ジョージ・ベンソン George Bensonの《ブリージン》Breezin'

 ジョージ・ベンソンを知ったのは、パソコンテレビのGyao(https://gyao.yahoo.co.jp/)でのライブ映像だった。乗りまくってギターを弾き、男性的な美声で歌っているさまに、会場の観客は熱狂していた。このアルバムの主題曲 Breezin'ブリージンの映像はYouTubeで流れているのを見た。弾き終わったときのベンソンの陶酔も見ものだった。

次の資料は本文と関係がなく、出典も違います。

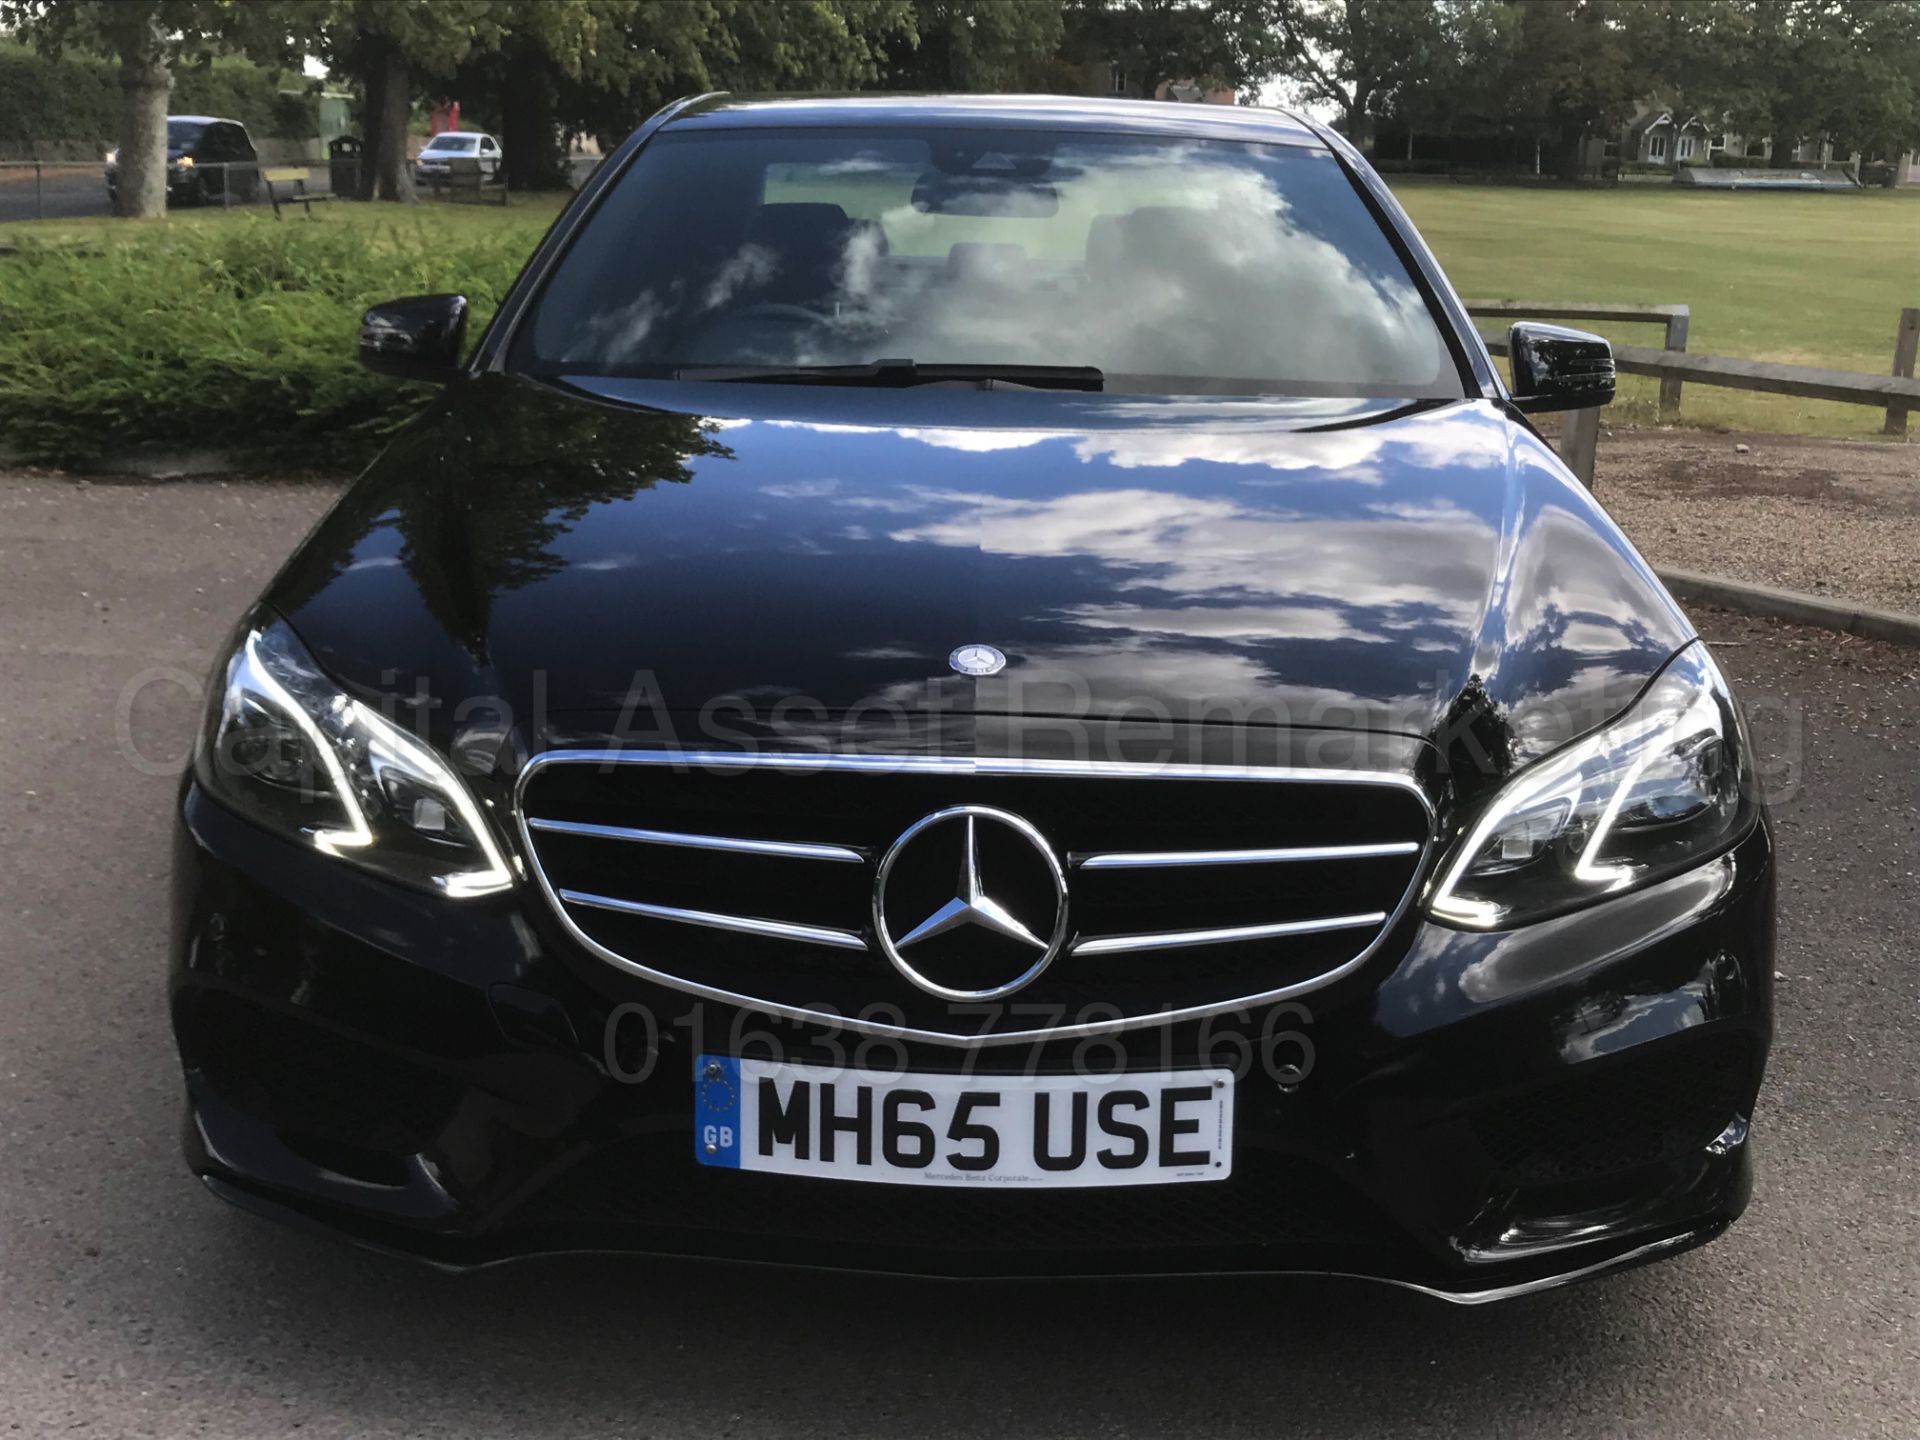 MERCEDES-BENZ E220D *AMG - NIGHT EDITION* SALOON (2016) '7G AUTO - LEATHER - SAT NAV' *LOW MILES* - Image 12 of 43

 ただ、このアルバムの良さを本当に知ったのは、e-onkyo(http://www.e-onkyo.com/music/)でmqa版のハイレゾで聴いてからだった。すべての霧が晴れて、隔てている膜が除かれ、ベンソンが目の前でエレキギターを弾き、歌っているのを感じた。伴奏の電子ピアノやドラムのリズムも、輪郭がくっきりするほど分離しており、臨場感がすばらしい。ライブの会場にいるようなものだ。マスカレード This Masqueradeの歌声は最高だし、シックス・トゥ・フォー Six To Fourでのエレキギターのうなりは、ファンを悩殺するに違いない。

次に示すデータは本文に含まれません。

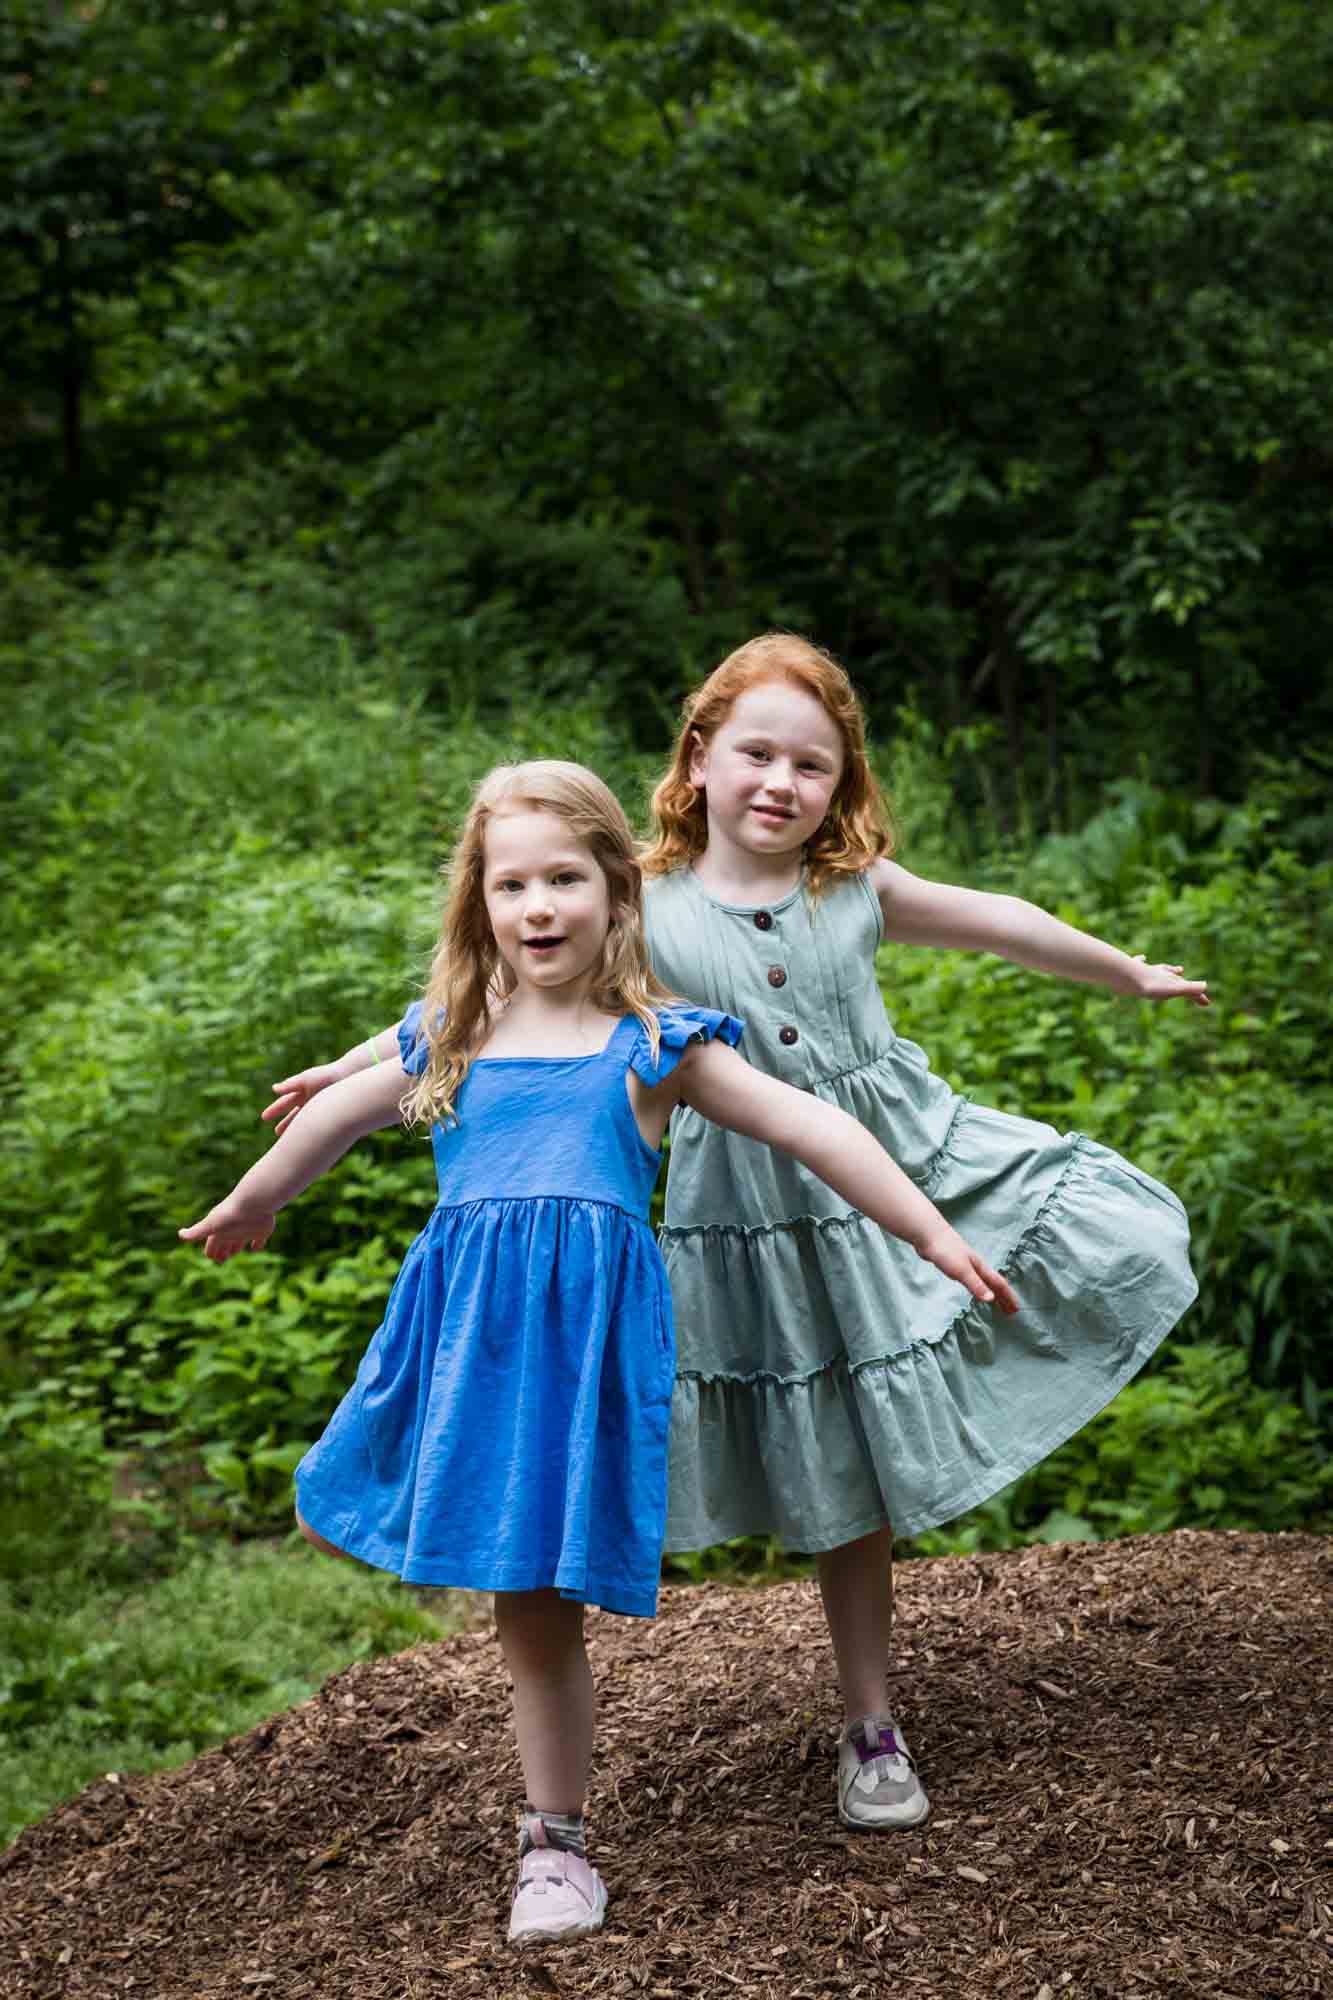 Two little girls wearing blue dresses dancing on mulch pile in front of trees during a Central Park family portrait session

 私の主張 Affirmationは、ギター演奏の魅力を前面に出し、叙情性とポップなリズムが融合したもの。これが愛なの? So This is Loveでは、恋のやるせなさを演出し、愛するレディ Ladyのひたむきな献身を感じさせる響きで、最高のひとときは幕を閉じる。ベンソンの魅力は音との一体感で生じるのであり、だからこそ、最高の音質で聴きたいものである。